* Assignment
Look through the entries below for the line with "DIY Easy Weave" and the line with "Мужские кроссовки Nike", then give again exactly those two lines and all lines between them, minus the pictures.

* Input
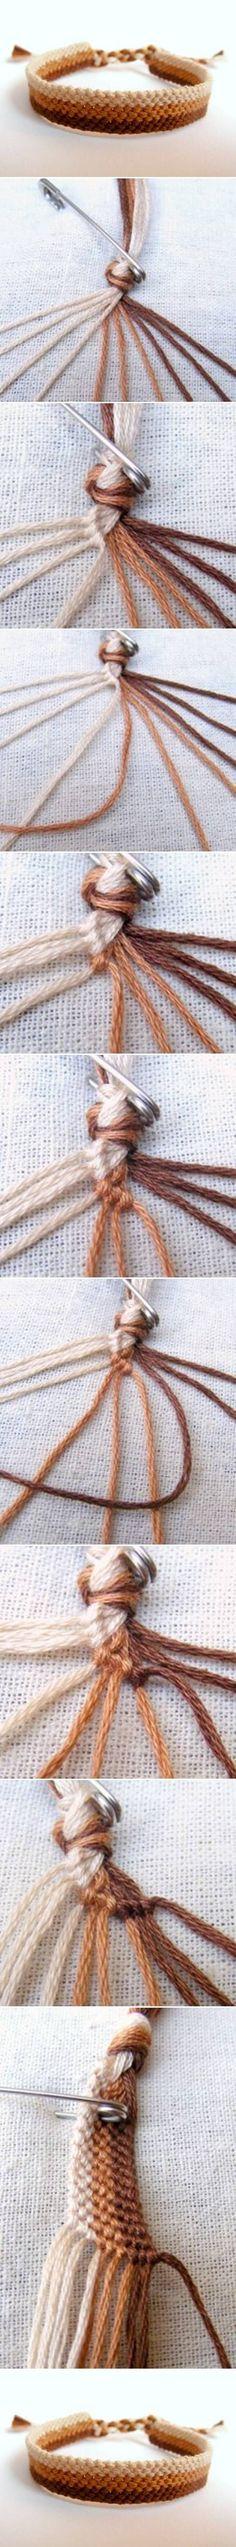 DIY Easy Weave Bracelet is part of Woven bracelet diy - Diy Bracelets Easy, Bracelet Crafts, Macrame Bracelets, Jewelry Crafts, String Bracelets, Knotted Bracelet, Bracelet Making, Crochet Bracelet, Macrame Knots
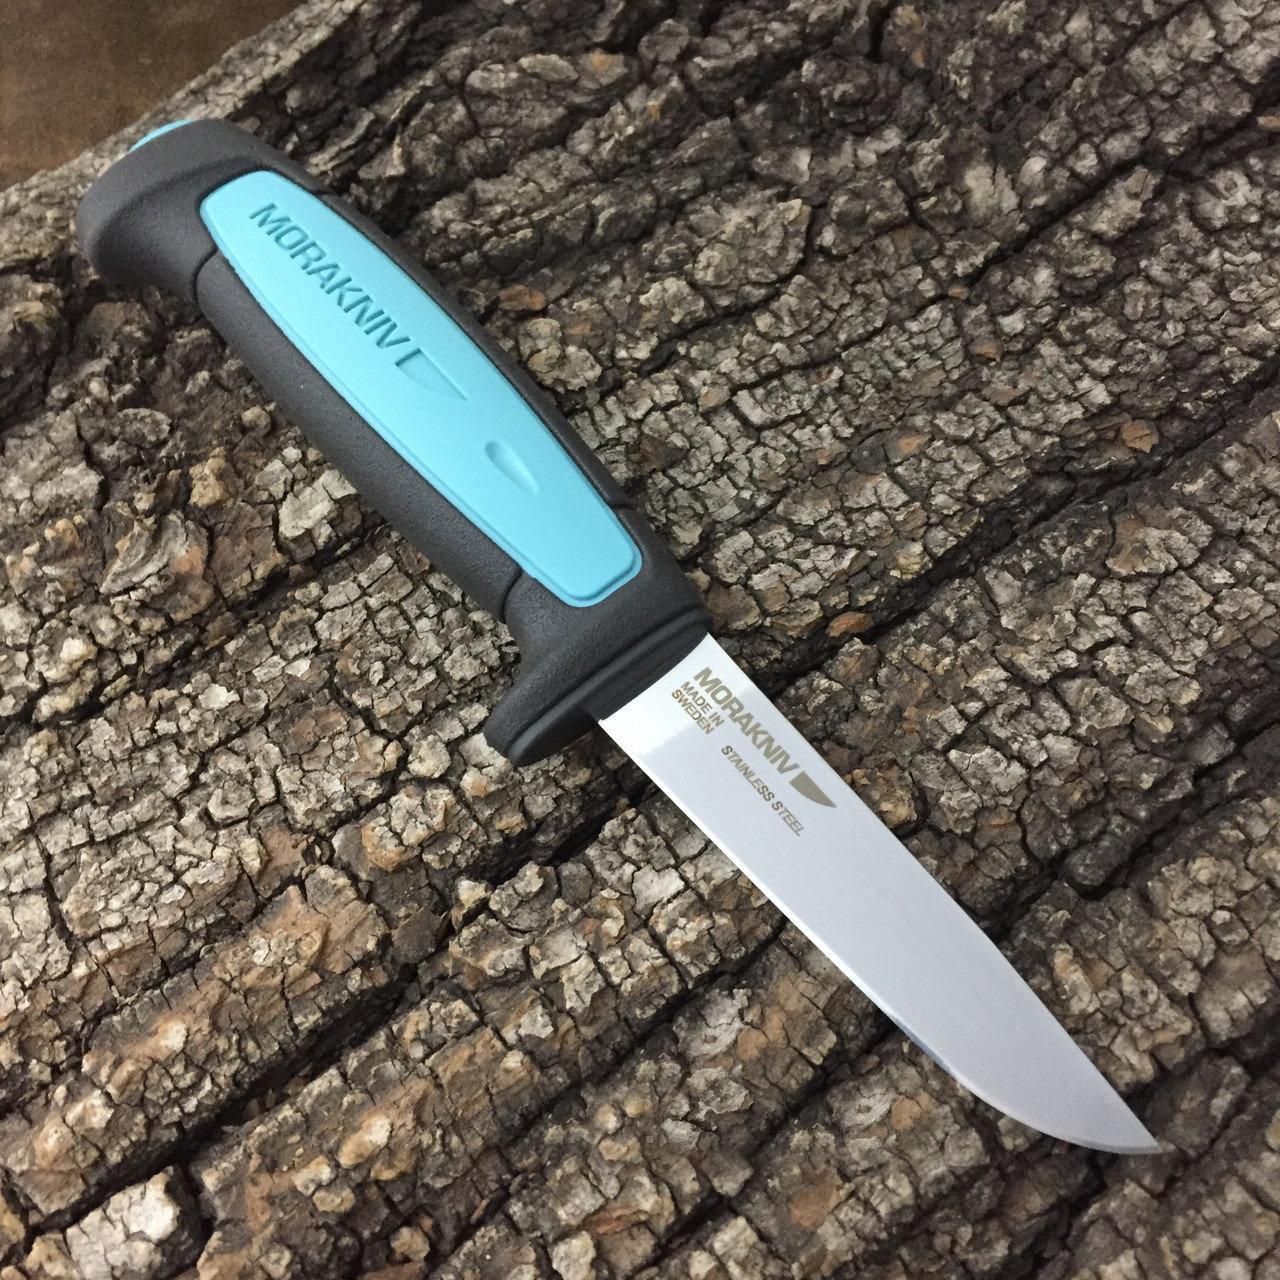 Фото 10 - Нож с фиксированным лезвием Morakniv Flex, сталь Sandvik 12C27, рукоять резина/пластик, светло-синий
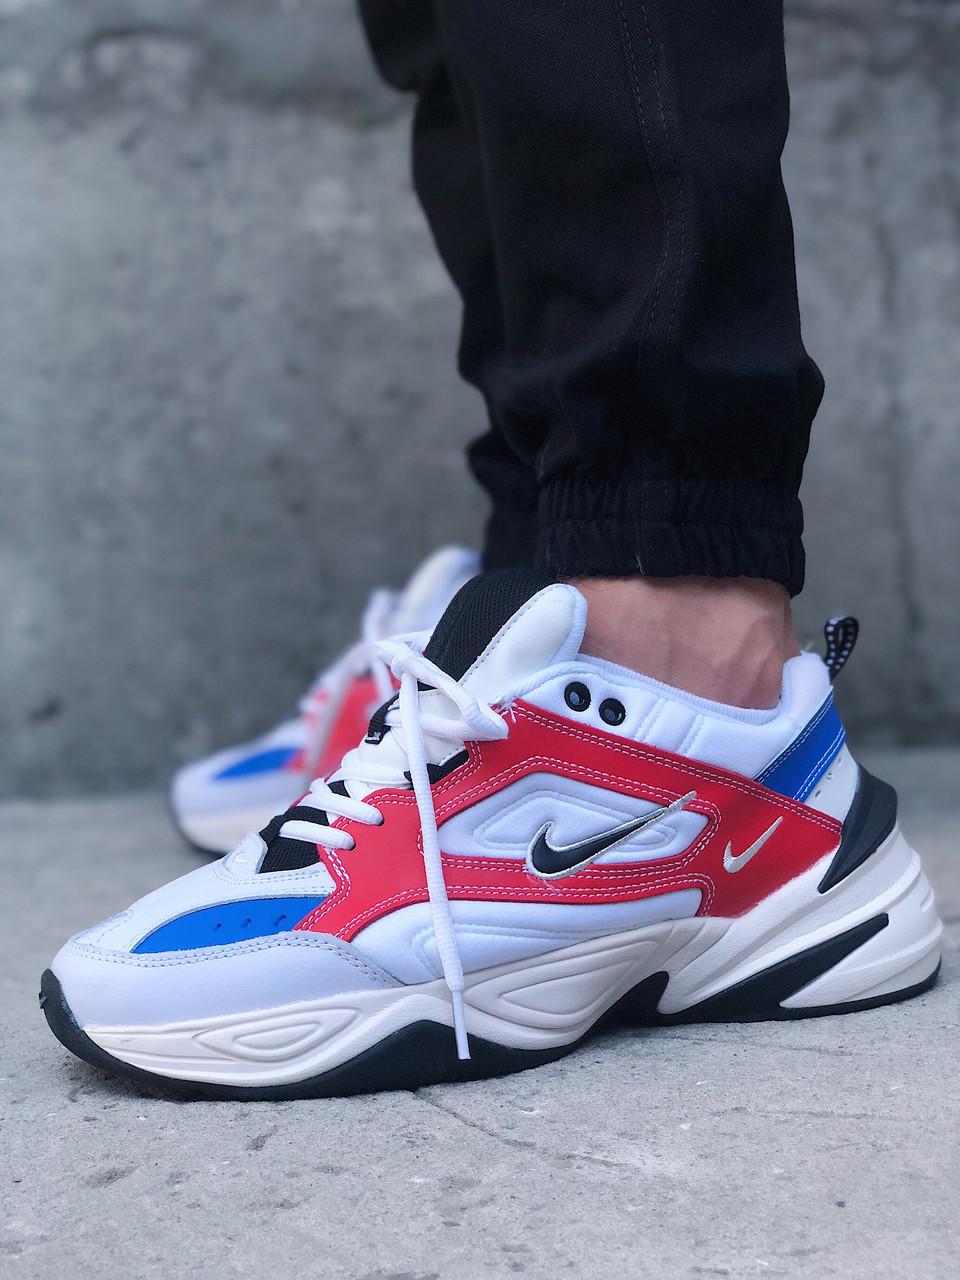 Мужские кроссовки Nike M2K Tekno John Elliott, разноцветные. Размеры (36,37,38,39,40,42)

...

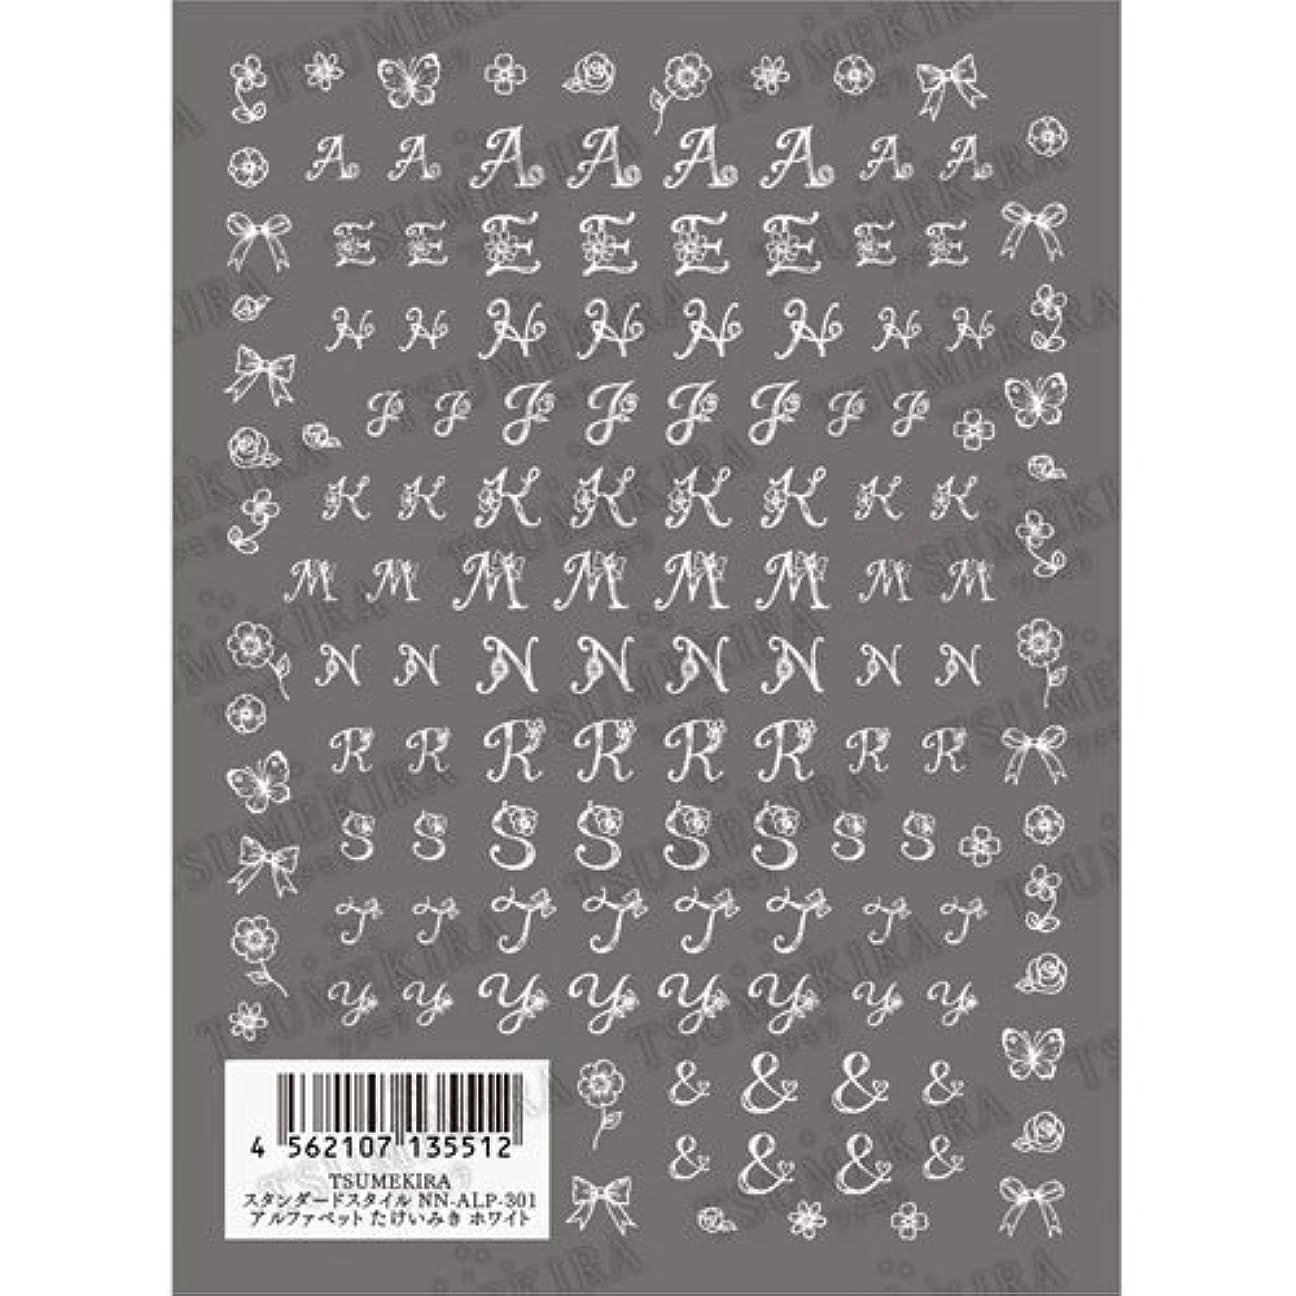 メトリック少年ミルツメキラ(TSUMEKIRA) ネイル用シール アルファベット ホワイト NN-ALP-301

...

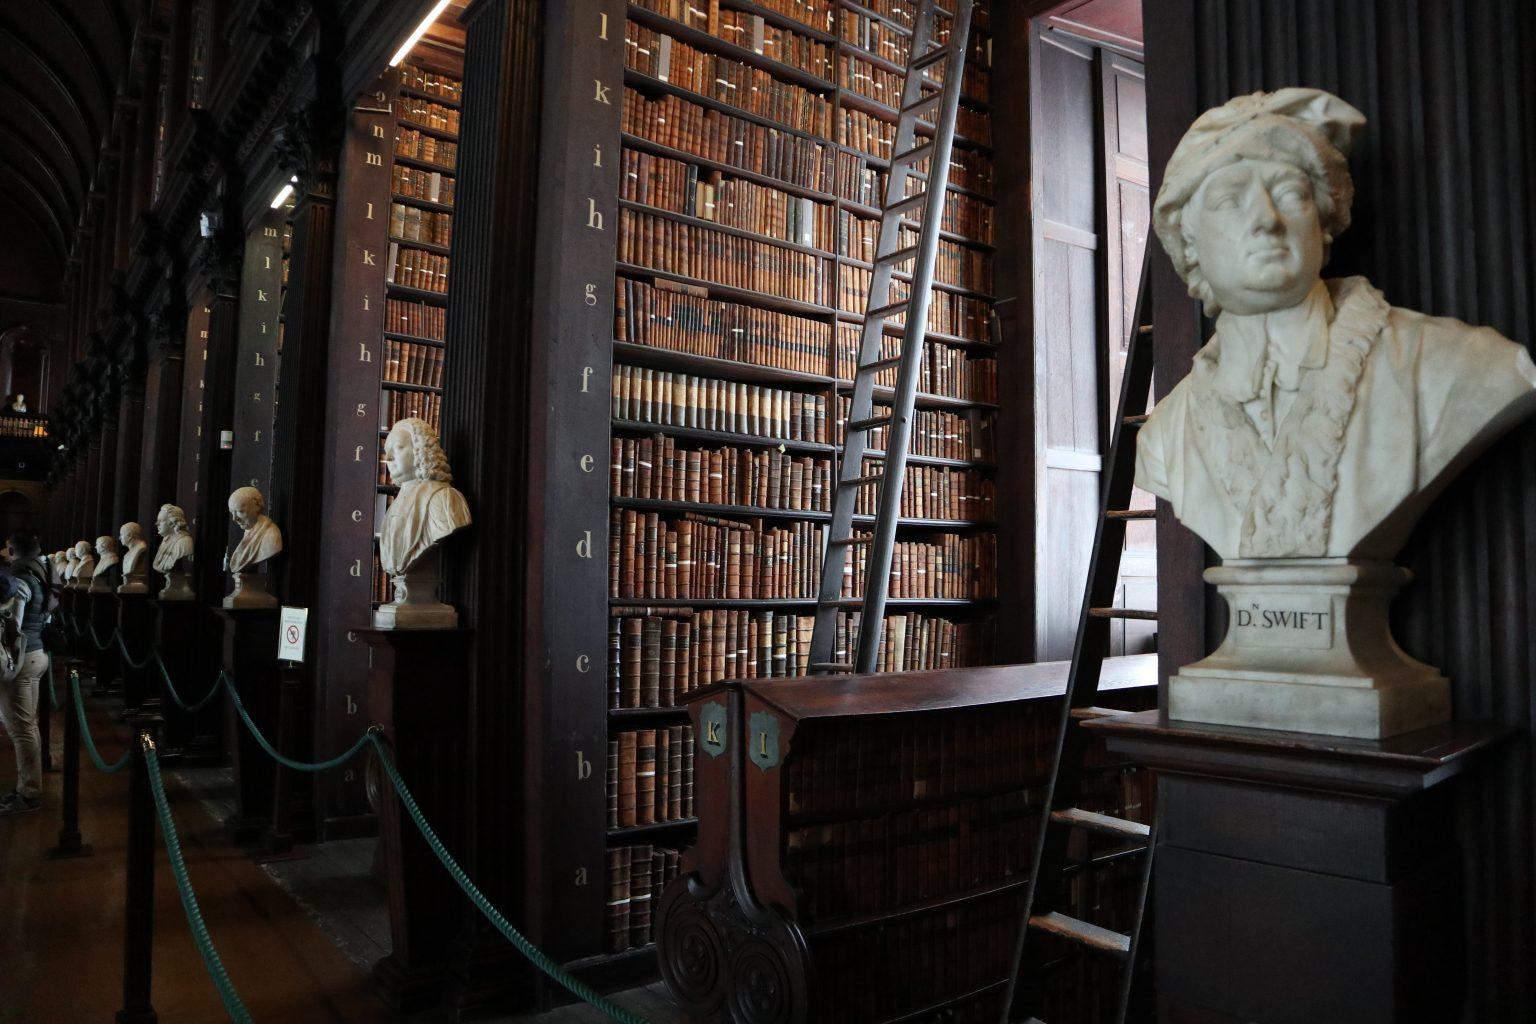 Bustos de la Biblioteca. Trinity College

* Answer below
 DIY Easy Weave Bracelet is part of Woven bracelet diy - Diy Bracelets Easy, Bracelet Crafts, Macrame Bracelets, Jewelry Crafts, String Bracelets, Knotted Bracelet, Bracelet Making, Crochet Bracelet, Macrame Knots
 Фото 10 - Нож с фиксированным лезвием Morakniv Flex, сталь Sandvik 12C27, рукоять резина/пластик, светло-синий
 Мужские кроссовки Nike M2K Tekno John Elliott, разноцветные. Размеры (36,37,38,39,40,42)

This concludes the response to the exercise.